• [EXERCISE PROMPT]: Transcribe the whole listing exactly; the images stay out.

• [THE DATA]:
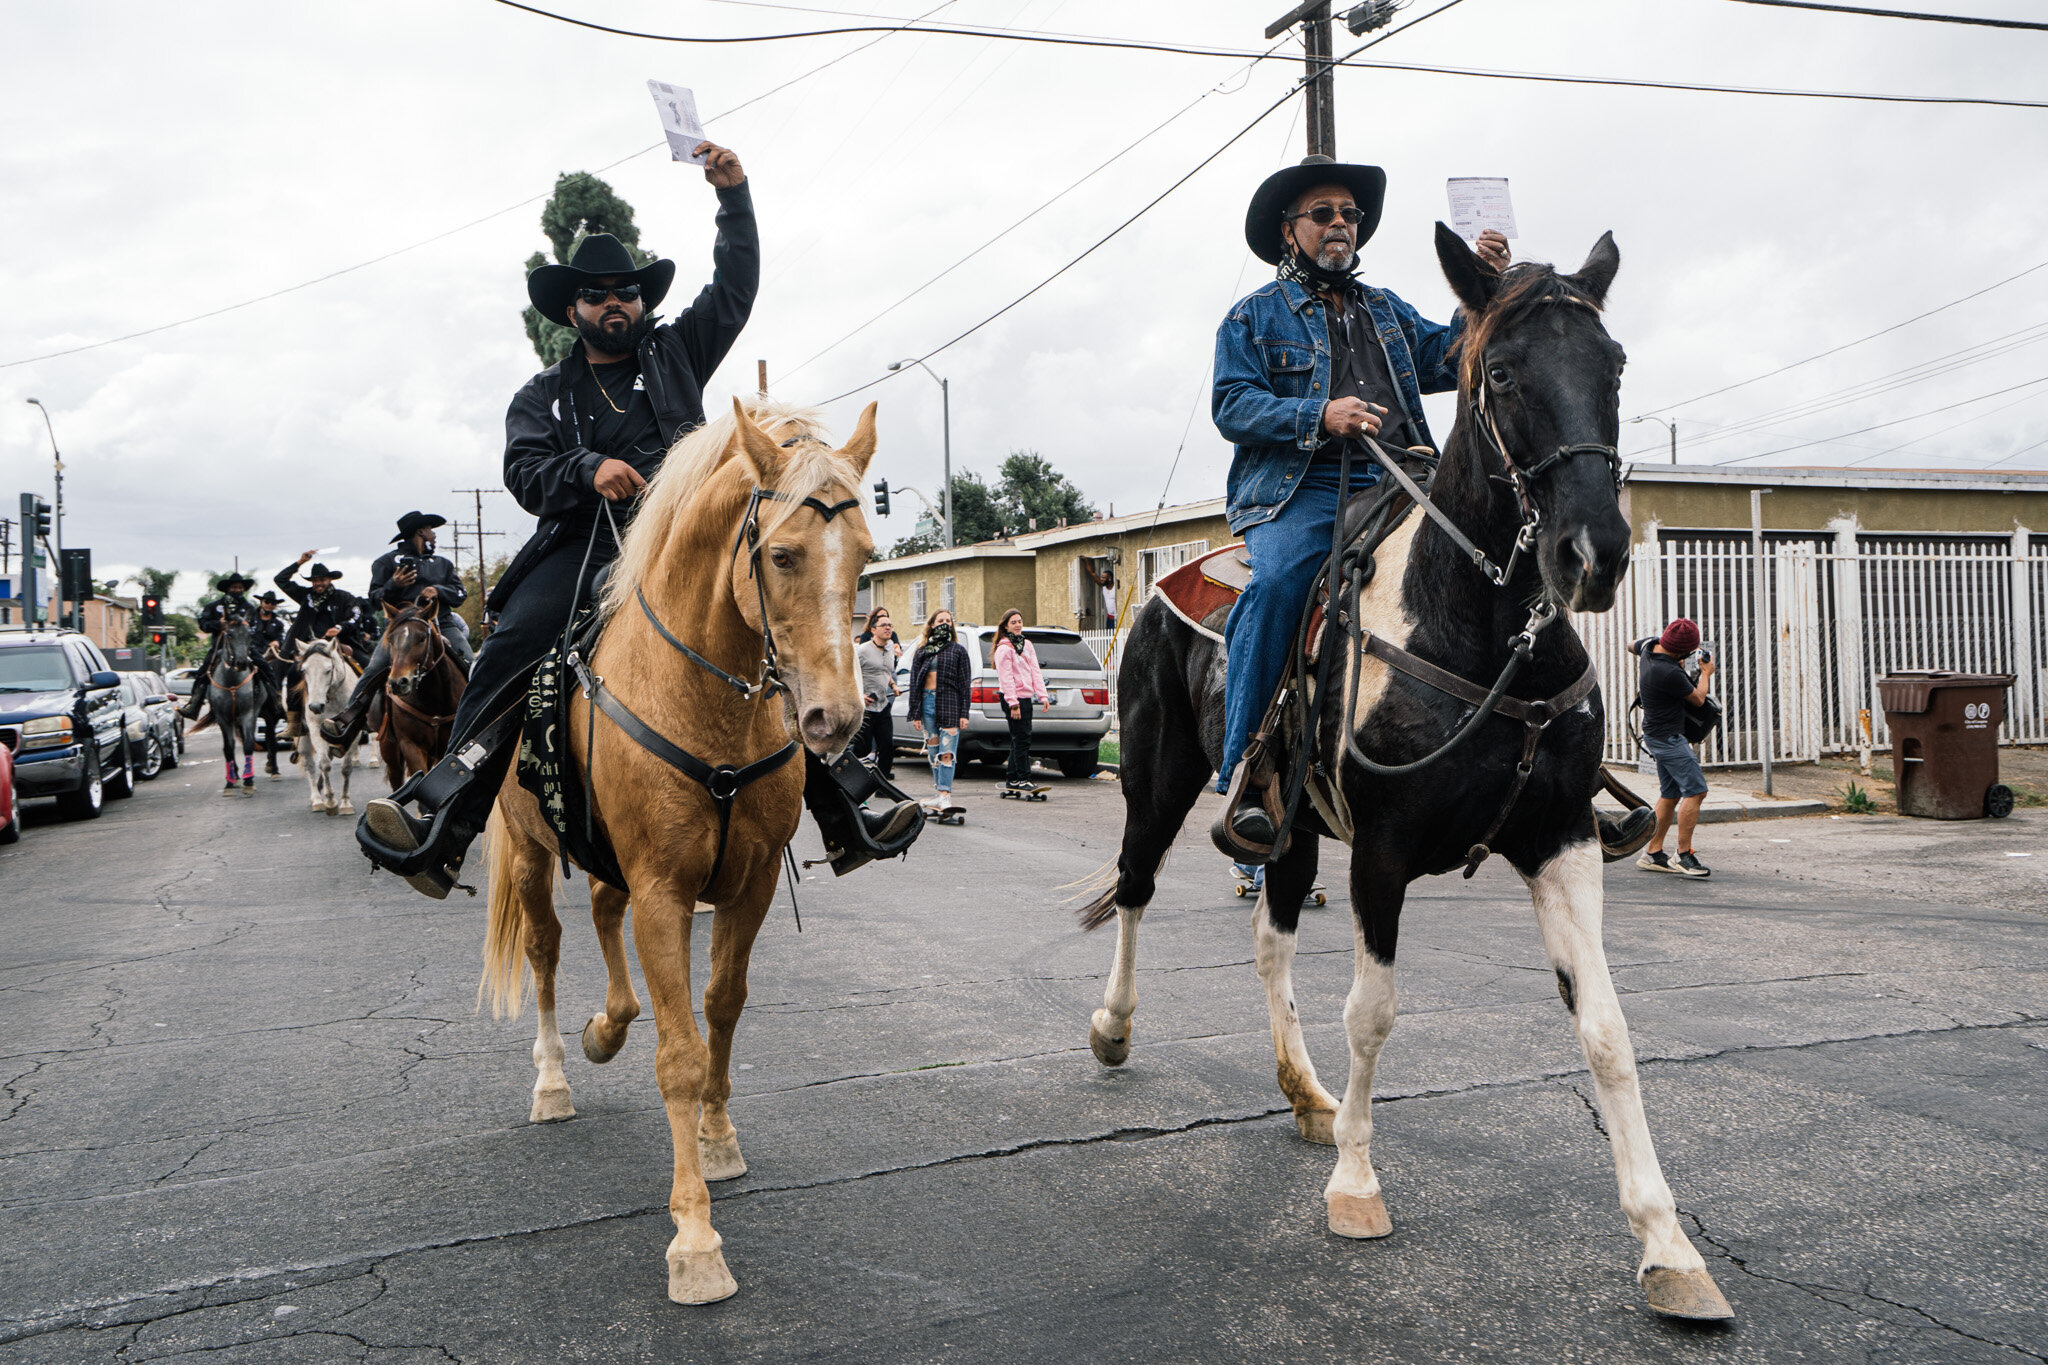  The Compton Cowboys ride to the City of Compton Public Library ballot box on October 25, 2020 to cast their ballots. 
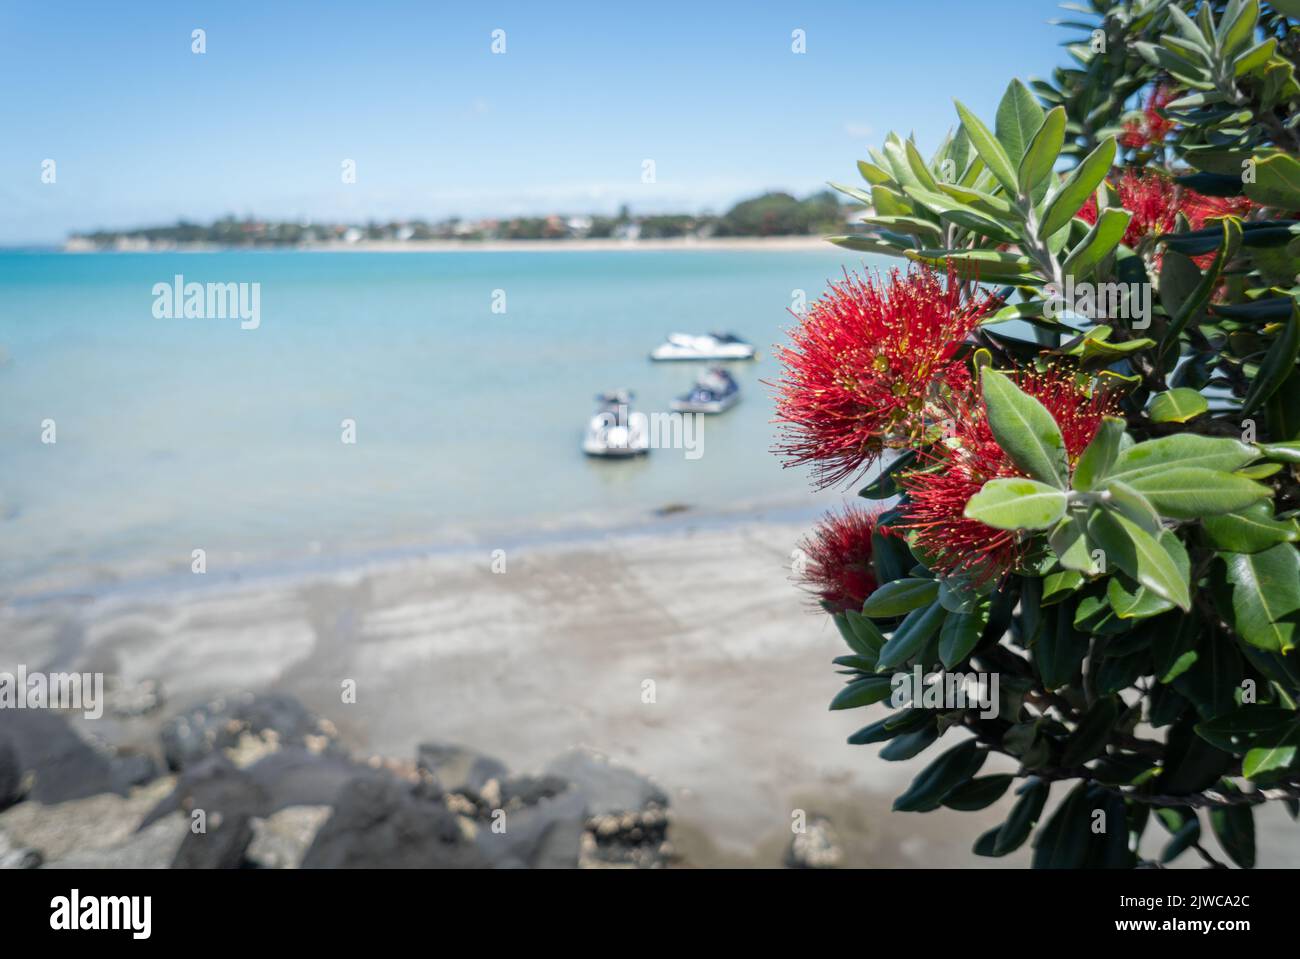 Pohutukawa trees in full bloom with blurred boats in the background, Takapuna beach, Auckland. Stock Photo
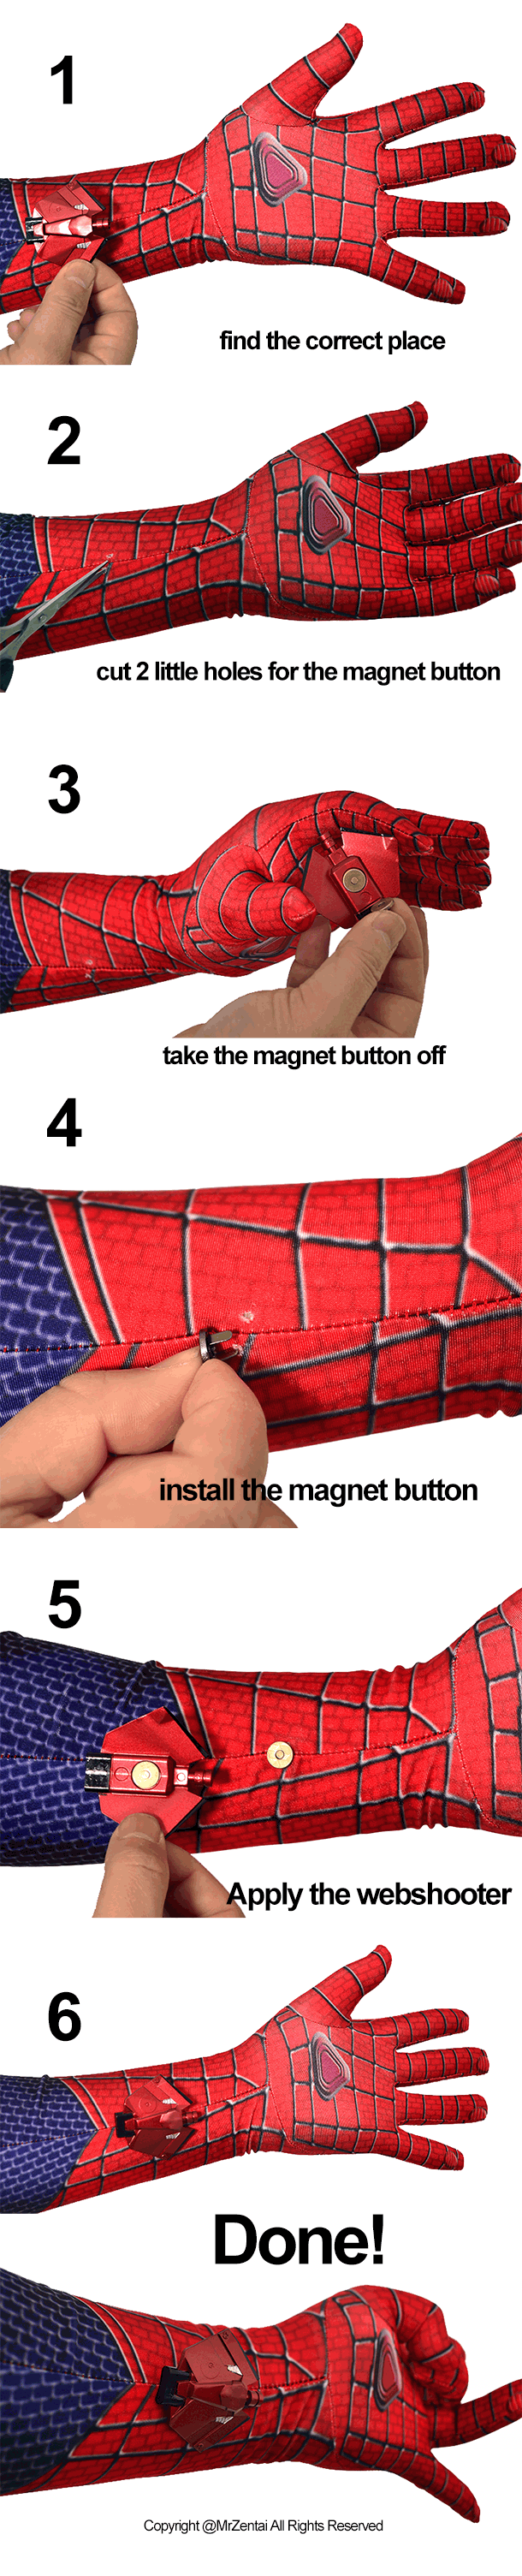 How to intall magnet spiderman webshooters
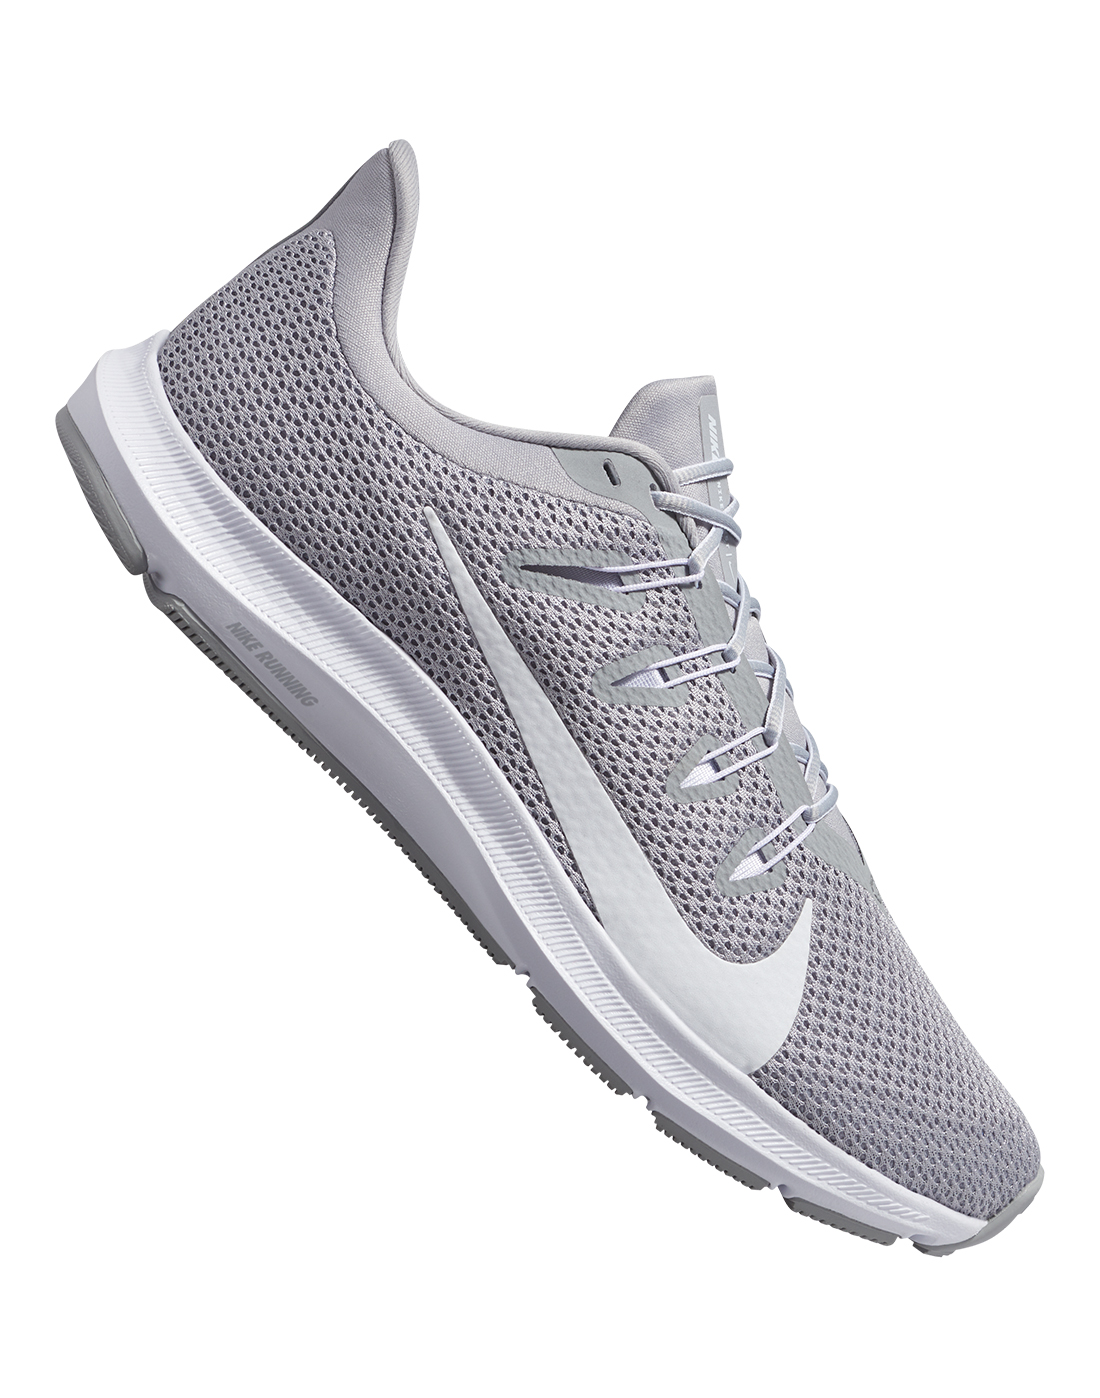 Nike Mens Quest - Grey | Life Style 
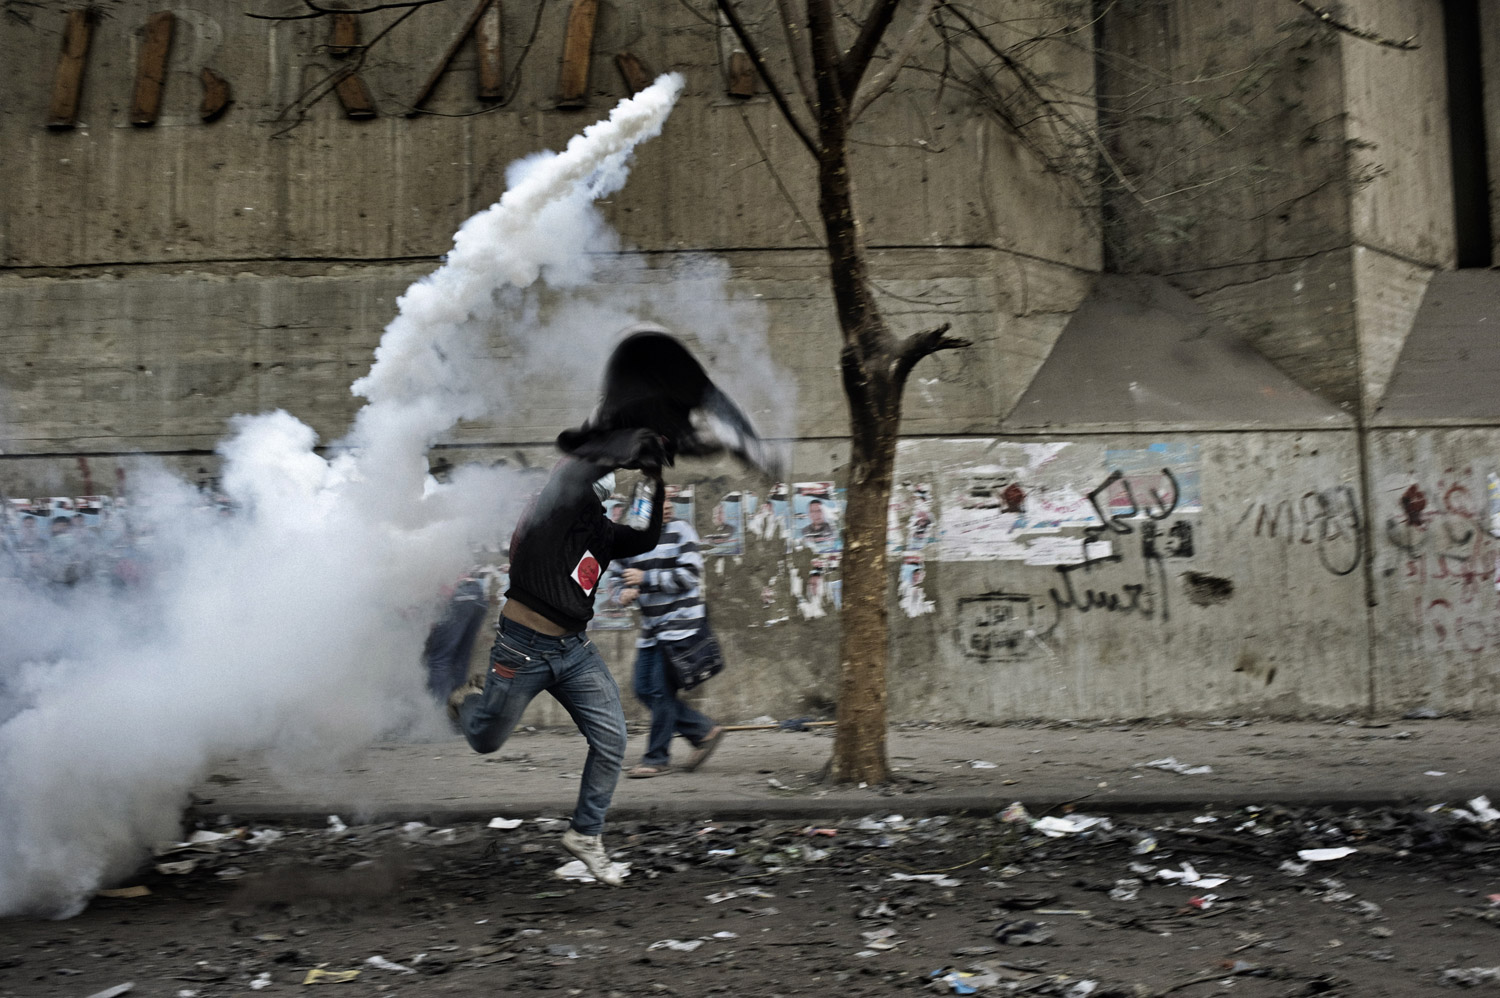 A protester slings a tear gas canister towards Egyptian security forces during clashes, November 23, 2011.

• [RESPONSE FOR THIS EXERCISE]:
  The Compton Cowboys ride to the City of Compton Public Library ballot box on October 25, 2020 to cast their ballots. 
 Pohutukawa trees in full bloom with blurred boats in the background, Takapuna beach, Auckland. Stock Photo
 How to intall magnet spiderman webshooters
 Nike Mens Quest - Grey | Life Style 
 A protester slings a tear gas canister towards Egyptian security forces during clashes, November 23, 2011.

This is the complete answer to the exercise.